Advocates call for policy change on Overdose Awareness Day
There is a drug crisis in Ottawa and across Canada, and a toxic street supply only makes it worse. The calls for change to policy continued in the capital on Overdose Awareness Day.
Patrick Tobin, whose street name is 'Irish', has a reminder of loss inked on his left arm: the name Lisa.
"I tattooed it on with a staple while I was in the pen," Tobin says. "Two and a half years ago she died of an overdose. I was with her for 12 years. After she died, I really struggled with addiction."
Tobin’s drug use spiralled out of control, landing him in jail, before turning to recovery.
"I’m 52 years old and I’ve been an addict since I was 16," Tobin says. "People, places and things are my triggers but I avoid it by going out for a nice dinner, read a book or walk my dog and it seems to be working for me. I don’t think I’m totally out of the woods yet but it’s one day at a time and I’m starting to feel better about myself."
Tobin’s story was one of many shared by community members who gathered at the Human Rights Monument in Ottawa to help lift the stigma of drug use on International Overdose Awareness Day.
"In August 2020, we lost our youngest son, Trevor, to an accidental drug poisoning," mother Ruth Fox said. "He was living and working in Kincardine, he was working in the wind energy sector. He had a good job, he owned his house, he had friends in the community, it was right in the middle of COVID, he was going through a bit of a rough time and the next thing we knew he was gone. There are no words."
Fox now supports Moms Stop the Harm, a national organization that provides peer support to grieving families, and advocates for the reform of drug policies.
"People who use drugs are not bad people," Fox says. "We need to look at drug use differently because as long as there is prohibition, there’s going to be a toxic supply and people are going to keep dying and it’s people in all walks of life."
In Canada, opioid drug use has spiked, along with deaths, in part due to street drugs, which can contain a lethal cocktail of substances like fentanyl and benzodiazepines.
Last year in Ottawa, 141 people died from overdose. In the first three months of 2023, 49 died due to an overdose. Health officials say that in July, hospitalizations for opioid-related overdose pushed to record levels.
"We need to make sure people understand is that if they are using opioids, if they are using powders from the unregulated market, they are at risk to make sure they are not using alone, that they have talked to someone about their substance abuse and they got somebody there who can respond in the event that they do overdose," Rob Boyd, CEO of Ottawa Inner City Health, said.

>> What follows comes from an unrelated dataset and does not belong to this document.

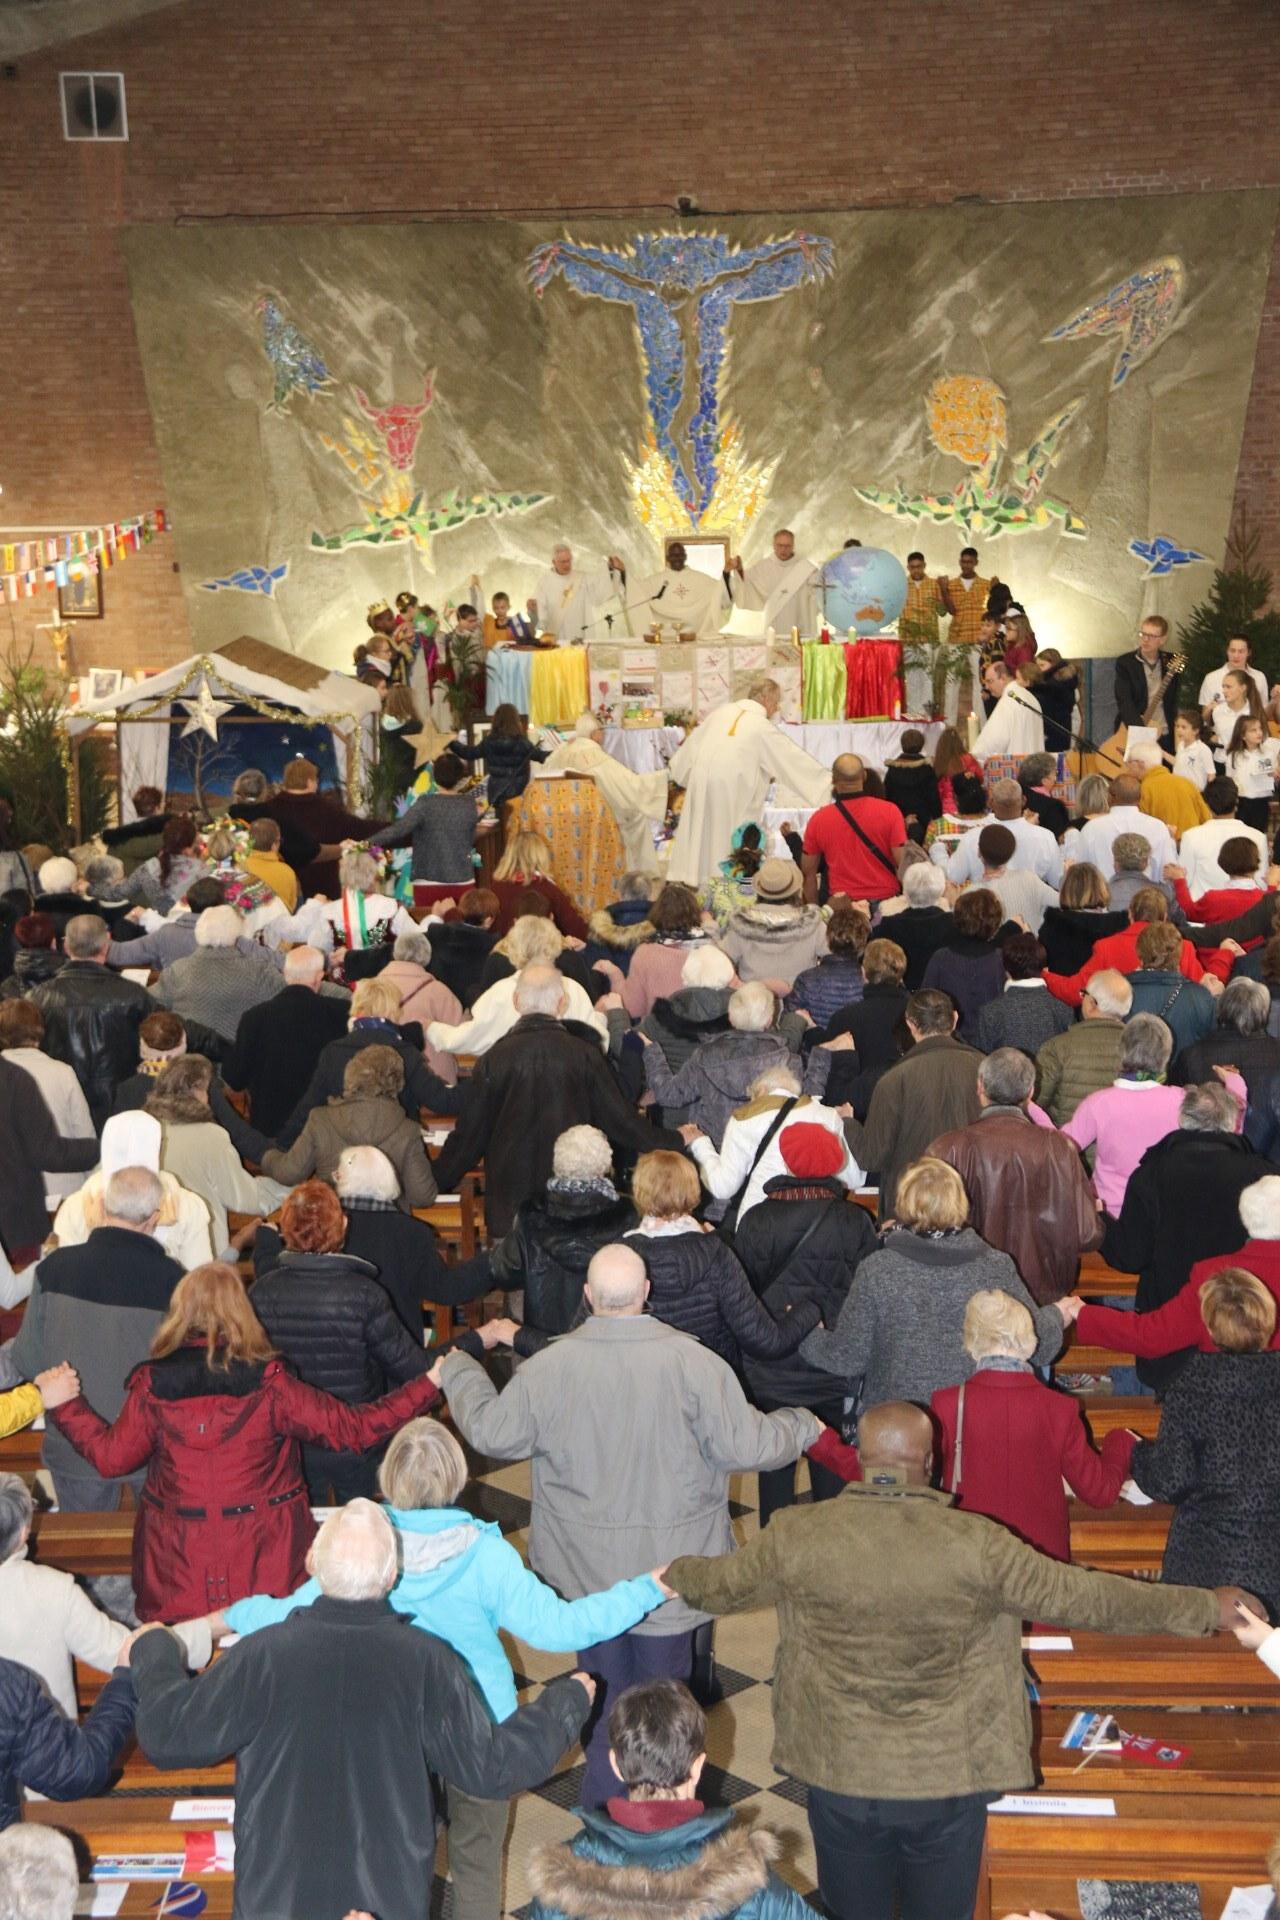 Messe des Nations 79

"Most of the consumption sites here are now responding to more overdoses outside of the site then inside the sites and the majority of those we estimate, it’s about 75 to 80 per cent are suspected people who are inhaling the drugs or smoking the drugs."
Currently, safe consumption sites cannot supervise inhalation or smoking. Boyd is calling on the provincial health unit to change its policy. He says the city also needs more safe consumption sites and overdose-saving naloxone, a safe supply of drugs, as well as an increase in supportive housing.
"This is no surprise to anybody; it’s not enough and it leads to more dangerous substance use on the streets when people don’t have housing," Dr. Vera Etches, Ottawa’s medical officer of health, says. "There are many different complexities; we need to meet people where they are at and we need to work with communities that are most affected because as the problem changes the solutions will need to continue to evolve. We need to think broadly across the city because a certain amount of site will never meet the whole need. We need to really think about how we can help our family, our friend, our neighbours by being there when they are using substances."